Cosa sono le Dislipidemie
Come abbiamo già detto, la Dislipidemia è una condizione clinica caratterizzata da un’alterazione quantitativa dei livelli dei lipidi circolanti nel sangue, in particolare colesterolo e trigliceridi. L’Ipercolesterolemia si instaura quando si innalza il colesterolo totale (superiore a 200 mg/dl), mentre parliamo di Ipertrigliceridemia quando aumentano i trigliceridi (superiore a 150 mg/dl). Sono condizioni che possono essere isolate o associate. Poiché le patologie sono svariate e i lipidi coinvolti sono diversi, sarebbe più corretto parlare al plurale di Dislipidemie.
Come si individuano
Le Dislipidemie si possono diagnosticare attraverso un esame del sangue con il quale si misurano i trigliceridi, il colesterolo totale e le sue due frazioni principali, cioè il colesterolo LDL e HDL.

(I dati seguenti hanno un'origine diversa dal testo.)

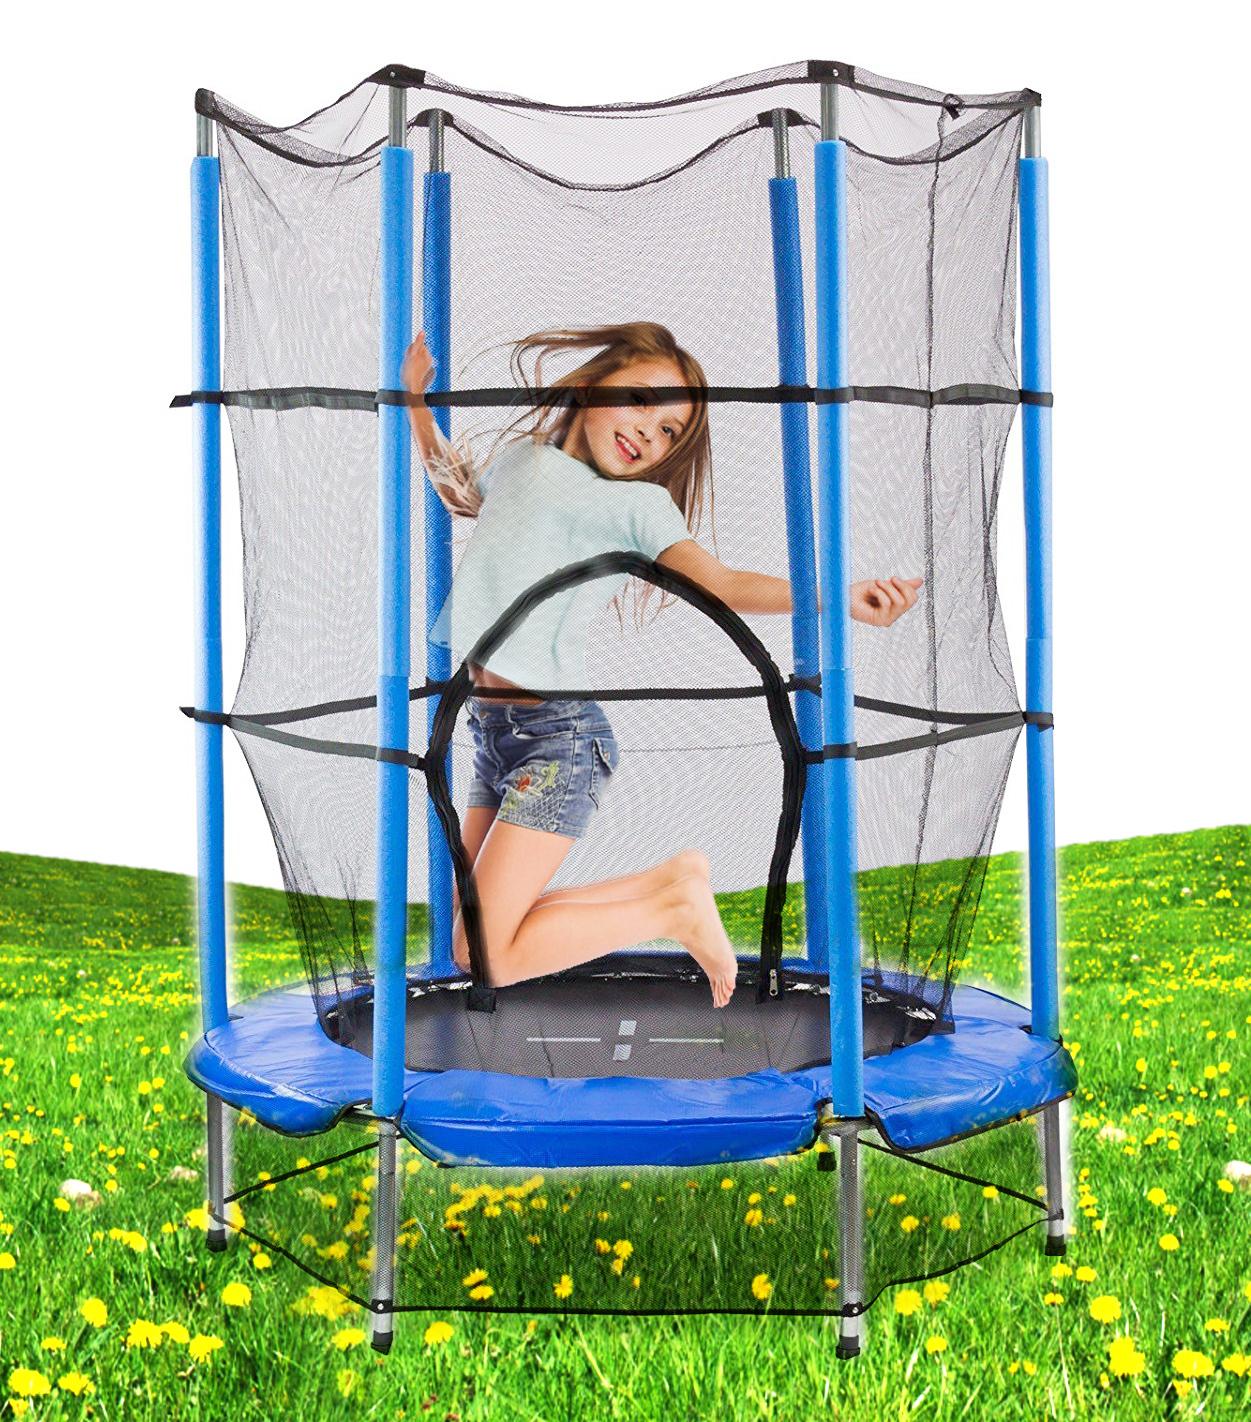 Te poate trampolina te ajuta sa slabesti

Il colesterolo LDL, chiamato anche “cattivo”, se presente in quantità eccessive nel sangue contribuisce alla formazione della placca ateromasica, cioè un’area di degenerazione grassa, di colore giallastro, visibile all’interno di arterie di medio e grosso calibro. Facendo riferimento alle linee guida dell’European Society of Cardiology (ESC) e dell’European Atherosclerosis Society (EAS) del 2016, il colesterolo LDL dovrebbe essere minore di 115 mg/dl per i soggetti con un rischio moderato, minore di 100 mg/dl per quelli ad alto rischio, e minore di 70 mg/ dl per le persone ad altissimo rischio.
Con la definizione “soggetti ad alto o altissimo rischio” intendiamo coloro che hanno già avuto Malattie cardiovascolari pregresse, Diabete, Insufficienza renale cronica o importanti fattori di rischio individuali (identificabili attraverso una tabella di stima del rischio, in cui vengono considerati sesso, età, fumo, livelli di colesterolo lo totale e pressione arteriosa).
Il colesterolo HDL, chiamato anche “buono”, svolge una funzione protettiva sullo sviluppo delle Malattie cardiovascolari; pertanto, bassi valori di colesterolo HDL (inferiori a 35 mg/dl nell’uomo e minori di 40 mg/dl nelle donne) sono considerati fattore di rischio per tali patologie.